23rd December 2011
Any consideration of alternative investments needs a caveat. The price of all luxury goods – from fine wine to art – is supported by wealthy people. These asset classes cannot therefore be immune from a weaker economic climate because a weaker economic climate means fewer rich people to support prices. Therefore, while these assets seem like they should be uncorrelated to equities or bonds, there is a relationship.
That said, there are a number of alternative assets that have proved relatively immune from the wider economic gloom and continue to offer some protection in 2012.
Wine merchant Berry Brothers & Rudd, says that the economic malaise hit wine prices in late 2008 – notably those of the top 2005s but that the fine wine market was back to full strength throughout 2009 and 2010: "Demand for the top wines… is as strong, if not stronger, that it was during the boom of 2005 – 2007. To put this in perspective, 2005 Château Lafite-Rothschild was released en-primeur in June 2006 at £3,760 per case in bond. By the summer of 2008 it was fetching just under £10,000 per case in bond. In November 2008 brave buyers could buy the same wine at just under £6,000 per case in bond. The wine was trading in January 2011 for more than £12,500 per case."
The key advantage of wine investment is that supply is limited. The famous chateaux only make a limited number. There is also growth in underlying demand. The Chinese have developed a taste for, among other luxury items, Bordeaux wine, which has supported prices.
Recent performance has been weaker and there is no doubt that a slower economic climate will hurt prices, whatever the quality of next year's crop. However, if it doesn't work out as an investment, at least it can be drunk.
Fine art has a similar appeal to wine. If it doesn't make any money, at least it may look pretty on a wall. However, the sector is not without its critics: "art is not an easily sold asset but it is also touted as another area for nervous investors: "The idea of contemporary art as a safe haven is a joke," said the entrepreneur Luke Johnson. "It is particularly illiquid, transaction costs are enormous, there is clearly no income and capital growth prospects are at best uncertain.""
However, the idea of buying a painting of a modern day Van Gogh and then selling it years later for millions is seductive. Many art dealers and experienced investors fail to do so, but that is not to say there isn't money to be made. There are plenty of advisers and one fund in this area has a respectable track record.
This piece suggests ways in which investors may participate directly in modern art. The MA shows from the major art schools are there for those who believe they have an eye for the next Damien Hirst.
Timber lacks the glamour of modern art or wine, but has proved a strong, non-correlated investment in recent years.

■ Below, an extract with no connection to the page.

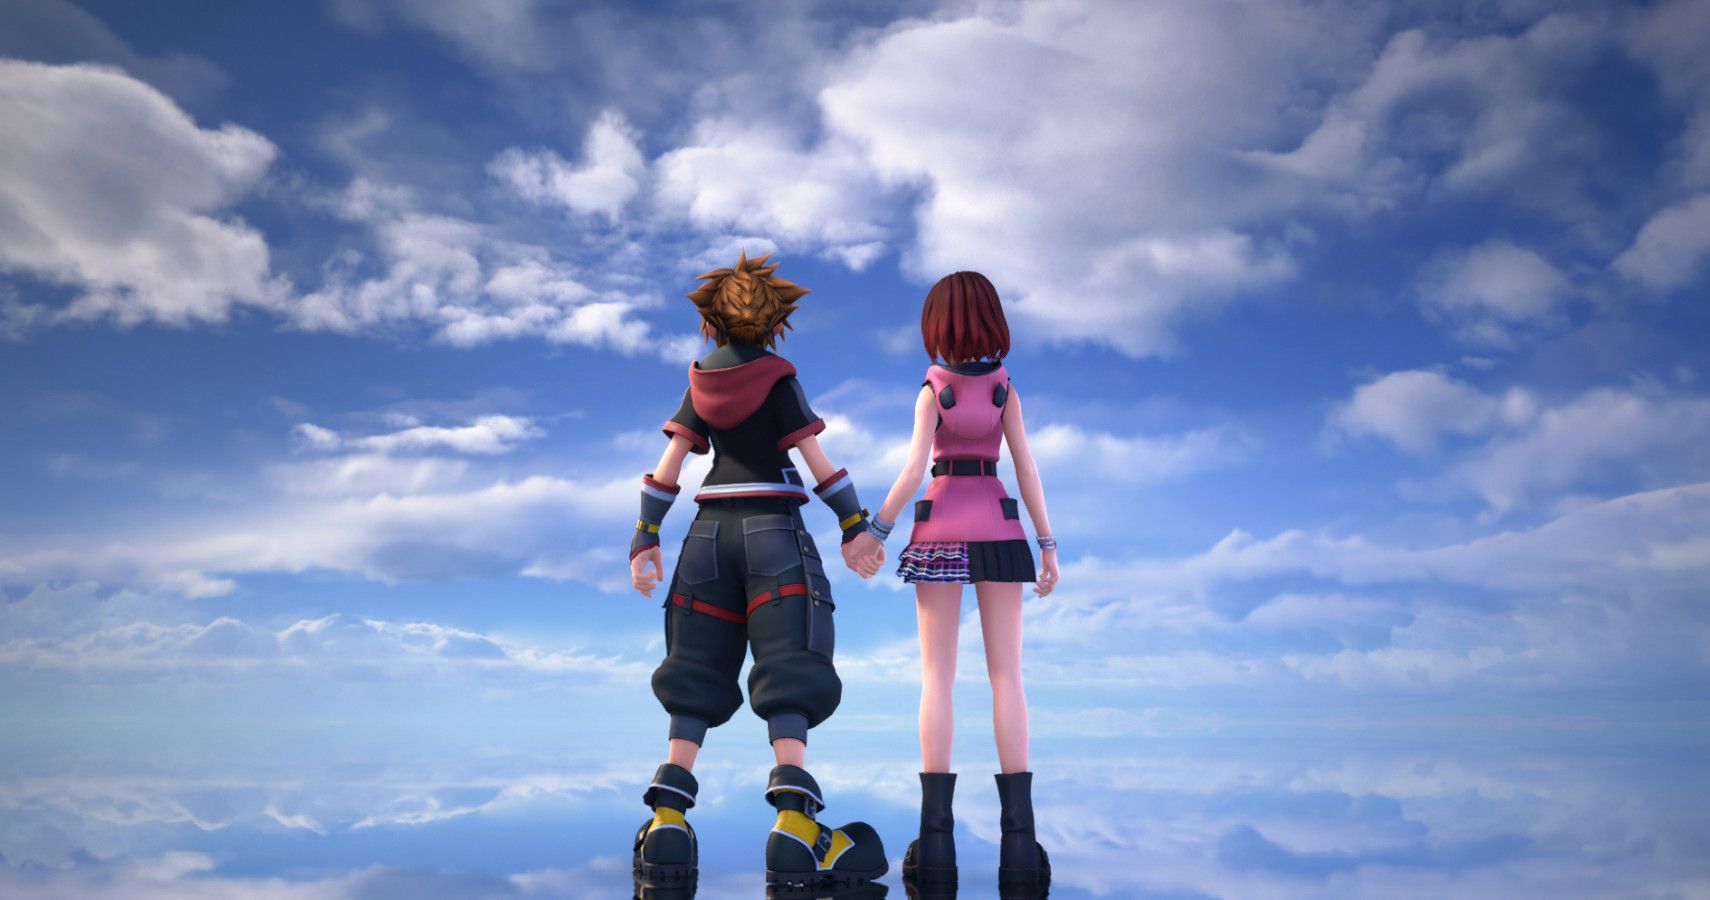 Kingdom Hearts III review: Not a small world after all

This piece outlines the trajectory of timber investment: "The Savills UPM Tilhill report says that UK timber prices have been supported by the exchange rate, with the pound's fall in value attracting overseas buyers.
"The report says: ‘Over the last year we have seen timber prices rise on the back of strong demand for home grown timber. The strength of this demand is impressive and is at levels not seen for more than a decade. A weak pound has a lot to do with this rise; it makes imports expensive, exports valuable and home grown timber good value.'
"The rise of green energy projects has also helped, with wind turbines, solar panels and hydro-electric schemes providing an alternative use for land and pushing values up."

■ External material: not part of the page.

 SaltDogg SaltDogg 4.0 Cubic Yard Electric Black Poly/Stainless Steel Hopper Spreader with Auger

The indices provided by the Forestry Commission show that various parts of the timber market were up as much as 16% in real terms in the year to end September 2011. Its longer-term performance may not be correlated to equity or bond markets, but will depend on the factors mentioned above continuing. It should also be said that some of the discounts on forestry investment trusts widened out considerably during the downturn on liquidity worries.
Agriculture – Investing in land
Agriculture has been billed as a potential long-term investment success story. This sums up the investment case: "Extreme drought and unprecedented heat in the US farm belt, the eurozone debt crisis and political unrest throughout the Middle East – the threats to and concerns over world food supplies are everpresent. Political and natural disasters have driven agricultural commodity prices to record highs. But many experts predict longer-term rises as food production will need to increase by 70% in order to feed the world's population of 9 billion people by 2050.
"Clive Hopkins from real estate agent Knight Frank told CNBC : "During the recession, land has been pretty stable and resilient compared to other markets. We think the capital value of land will increase considerably in the short to medium period."
There are certain tax advantages in the UK of investing in land. It can be a means for high net worth individuals to avoid inheritance tax. But agricultural prices are vulnerable to the caprices of the weather. It may be uncorrelated to bond and equity markets, but that does not mean it is without risk. Investors can leave investment to the experts and there are a number of agricultural specialist funds.
Alternative investment may be more interesting, but there are relatively few undiscovered investment opportunities. If investors really want to go alternative in 2012, they may be better off simply buying something they like and then any increase in price would just be a happy accident.